Follow-up: Northern Harrier versus American Coot
Rick Harris <birdmanofthewoods@...>
A month or so ago I reported a Northern Harrier attacking
American Coots at Lake Cleone. At first I thought that the juvinile female hawk was possibly considering the coots as prey animals with persistent stoops, grasping motions with talons etc. Further observations show that this hawk just likes chasing coots around for the fun of it. Call it Harrier harassment for entertainment. Yesterday I saw an espeically sneaky attack that came from nowhere and even had me wanting to dive for cover. The coot's surprise was total and very satisfying in its explosiveness. Obviously this hawk has energy to expend in playful (malicious?) behavior which goes against the rule that birds don't expend precious energy on play.
American coots have never interested me much, but I came across a really charming website by an amateur ornithologist who studies them and may be the world's foremost authority on coots. Really fascinating. Check out "Coot News" a real hoot. Below is a quote.
American Coots make an excellent subject for the study of animal behavior. These birds have a large variety of calls and displays, and they are friendly and social with people.

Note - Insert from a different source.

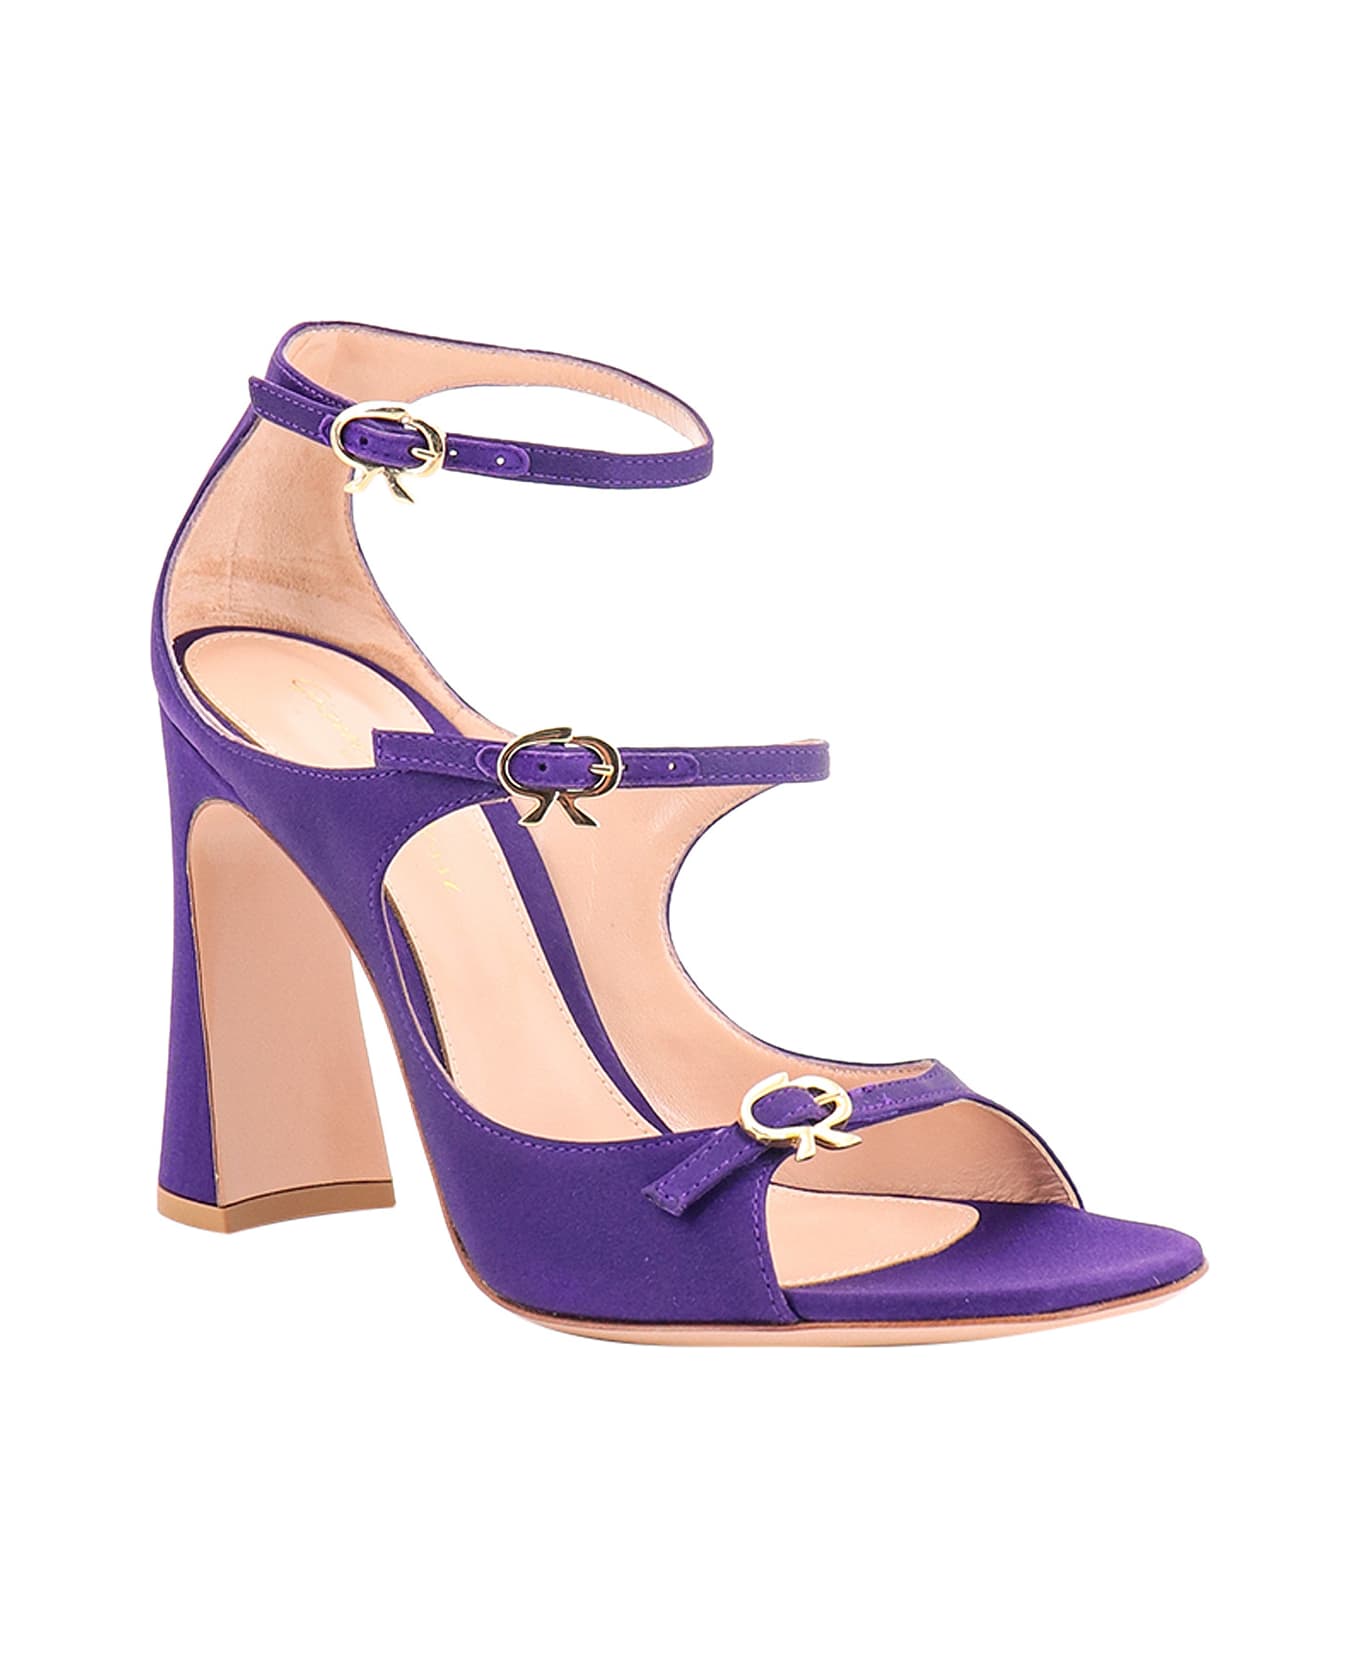 Gianvito Rossi Misty Sandals - Purple サンダル

Their emotional nature makes it easy to understand what they are thinking, but you always run into trouble when you try to explain animal behavior in human terms. Don't be surprised if you find reputable research to be contrary to your own observations. The following quotation from The Outermost House, a classic of American nature writing by Henry Beston, expresses my frustration at trying to understand these friendly little birds. The more I learn about them, the more mysterious they become:
" We need another and a wiser and perhaps a more mystical concept of animals. Remote from universal nature, and living by complicated artifice, man in civilization surveys the creature through the glass of his knowledge and sees thereby a feather magnified and the whole image in distortion. We patronize them for their incompleteness, for their tragic fate of having taken form so far below ourselves. And therein we err, and greatly err. For the animal shall not be measured by man. In a world older and more complete than ours they move finished and complete, gifted with extensions of the sense we have lost or never attained, living by voices we shall never hear. They are not brethren, they are not underlings; they are other nations, caught with ourselves in the net of life and time, fellow prisoners of the splendour and travail of the earth."